Chi visita Pistoia per la prima volta resta affascinato dalle bellezze della città, dagli edifici che si affacciano sulle piccole piazze e dalle chiese nascoste tra i vicoli del centro. Io per primo anni fa, appena arrivato in città, ne rimasi piacevolmente stupito e oggi un po’ mi riconosco nello sguardo di chi la osserva per la prima volta e, incuriosito, desidera tornare.

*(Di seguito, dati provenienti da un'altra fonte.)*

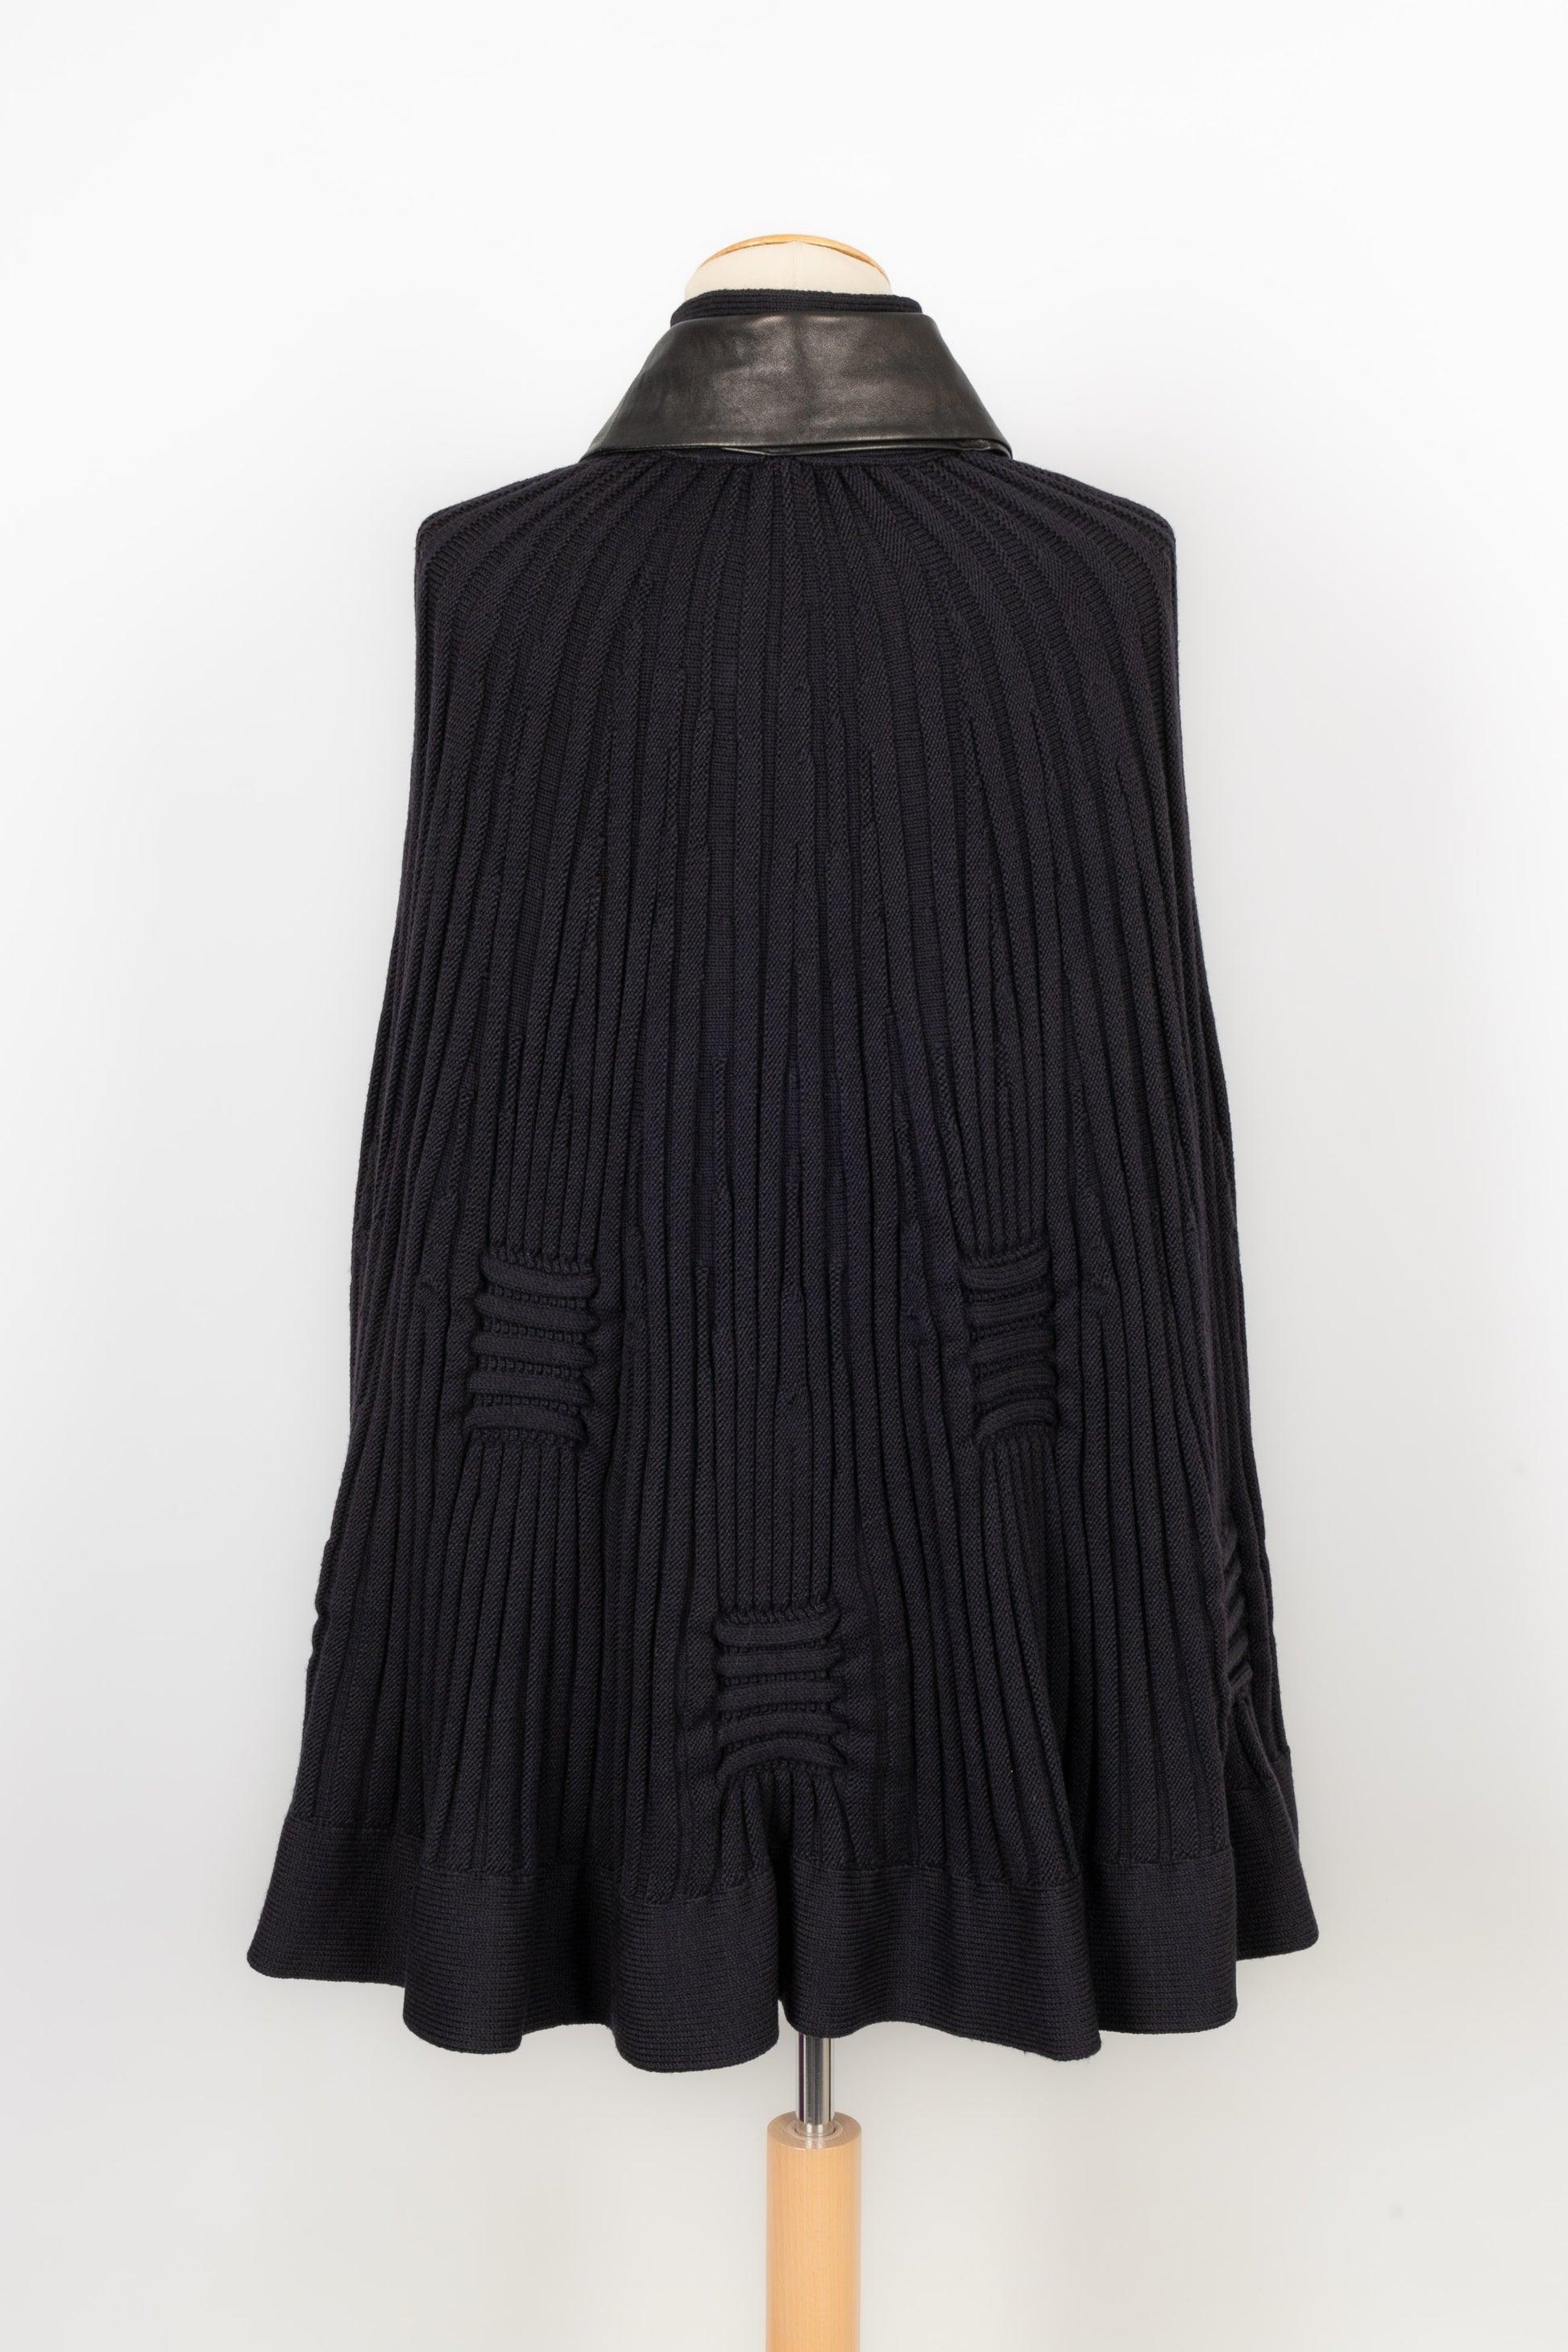 Valentino Wool Cape with Black Leather Ascot Tie For Sale 1

A pochi passi dalla galleria, si trova uno degli edifici storici più affascinanti: la chiesa di San Giovanni Fuorcivitas, tra le più antiche in stile romanico pistoiese. L’edificio sorgeva all’esterno della prima cinta muraria altomedievale, ma con il tempo è stato integrato nel tessuto urbano e oggi si affaccia su una delle vie principali della città. Stretta tra gli edifici circostanti, la chiesa è riconoscibile per il suo lato nord, da sempre considerato la sua vera facciata: decorato in marmo bianco e serpentino di Prato, il ricco portale centrale con architrave raffigura l’Ultima Cena del maestro Gruamonte.

All’interno, opere artistiche di grande pregio, fra le quali spiccano il primo esempio di terracotta invetriata a tutto tondo di Luca della Robbia, l’acquasantiera marmorea di Nicola Pisano al centro della navata, e un polittico di Taddeo Gaddi. È facile perdersi tra questi capolavori, magari quando sulle vie principali c’è il mercato e la chiesa di San Giovanni Fuorcivitas diventa uno spazio di confine, sospeso, come se quell’appellativo, fuorcivitas, “fuori dalla città”, le spettasse ancora di diritto.